In response to your first question, I think the status of the Austrian School
in the academic economic community is quite a bit lower than "out of vogue";
the approach that the Austrian School takes toward the study of economics
differs substantially from the mainstream economic community. Modern economics
tries very hard to be a "real science"--it creates models, makes predictions,
collects data, and sees if the data match the predictions made by the model.
And the mainstream academic community has done pretty well with most of this
process. The only part they seem to have a lot of trouble with is matching the
data to the predictions. Unfortunately, macroeconomic data is influenced by so
many factors that it is devilishly difficult to isolate the effect of a single
variable. An economist who argues that a variable _x_ has a particular effect
will be met with arguments by ten other economists that, no, in fact, the data
indicate that it was variables _y_ , _z_ , and omega. Essentially, the
mainstream economic community has developed economics into a process of
inductive reasoning--collect data and use the data to reason out what's going
on.

The Austrians reject this methodology. Because macroeconomic data is
influenced by so many different variables (millions of people acting in
millions of different ways for millions of different reasons), they claim that
it is simply impossible to draw any meaningful conclusions from macroeconomic
data--in essence, you see in it whatever you want to see. Instead of inductive
reasoning, Austrians turn to deductive reasoning. Thus, Austrians see
economics as a subject closer to mathematics than to science. (Though, as I
mentioned in my first comment, the Austrians reject mathematical argument as
being inadequate to model the complexities of human action; Austrian reasoning
is primarily verbal, which draws criticism from the mainstream academic
community of being too imprecise to be useful.)
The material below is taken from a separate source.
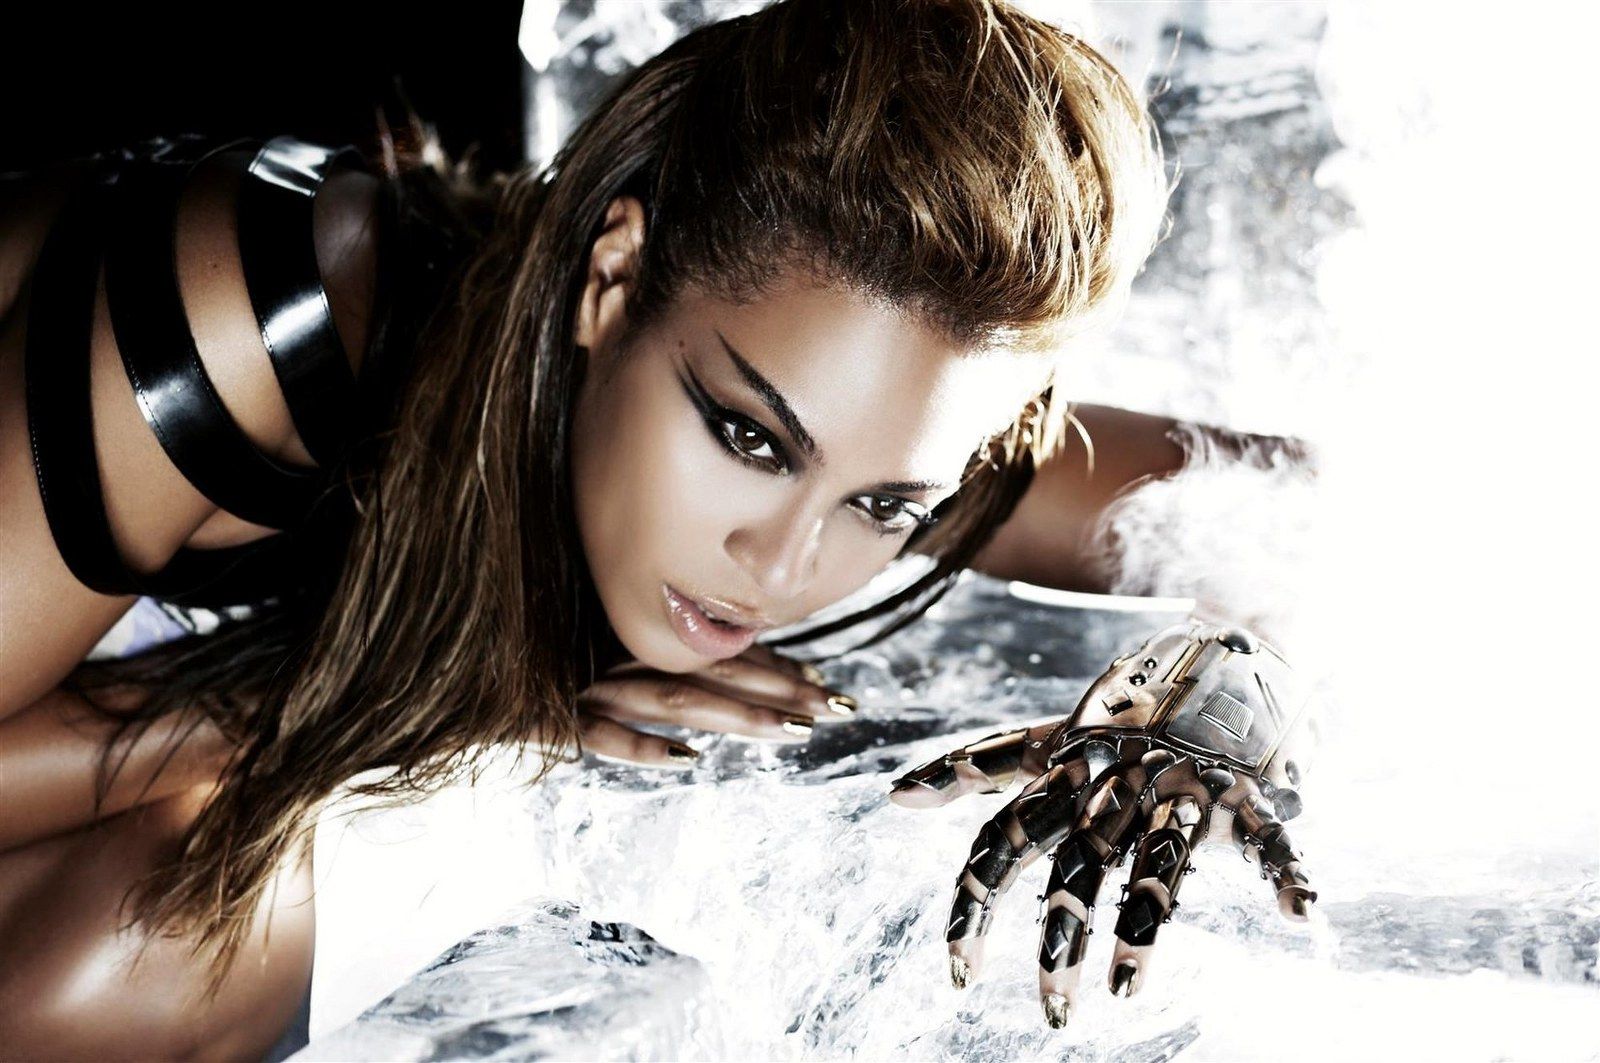 Beyonce Singer Wallpaper 1600×1063 | wallpapers55.com - Best ...

The issue is deeper than the current fashionable theory of economics. In the
1920s and 1930s the Austrian School held a respectable position with
mainstream economists. At the time economics was as much deductive as
inductive, so the two schools of thought were on equal footing. But as the
Keynesians developed their mathematical models, economics became heavily
inductive and began to see the Austrian methodology as unscientific. Ever
since, various other schools of thought have enjoyed popularity, but the
fundamental methodology hasn't changed. Of course, the recent failures of the
mainstream economic community to predict this crisis and the success of Peter
Schiff in predicting it has brought renewed interest to the Austrian School.
I'm not sure, however, that even this will be sufficient to change the
fundamental approach taken by the mainstream economic community. As you wrote
in your post, "old habits die hard."

In response to your second question, I think that behavioral economics will be
useful for the study of human psychology and, to a lesser extent,
microeconomics, but I'm not convinced that it will be terribly useful for
modeling macroeconomic behavior. Behavorial economics studies what small
groups of humans do in very specific laboratory conditions. How well the
conclusions from these experiments extend to the real world where millions of
humans are doing in a wide variety of conditions is impossible to say--it's
just not something that can really be tested.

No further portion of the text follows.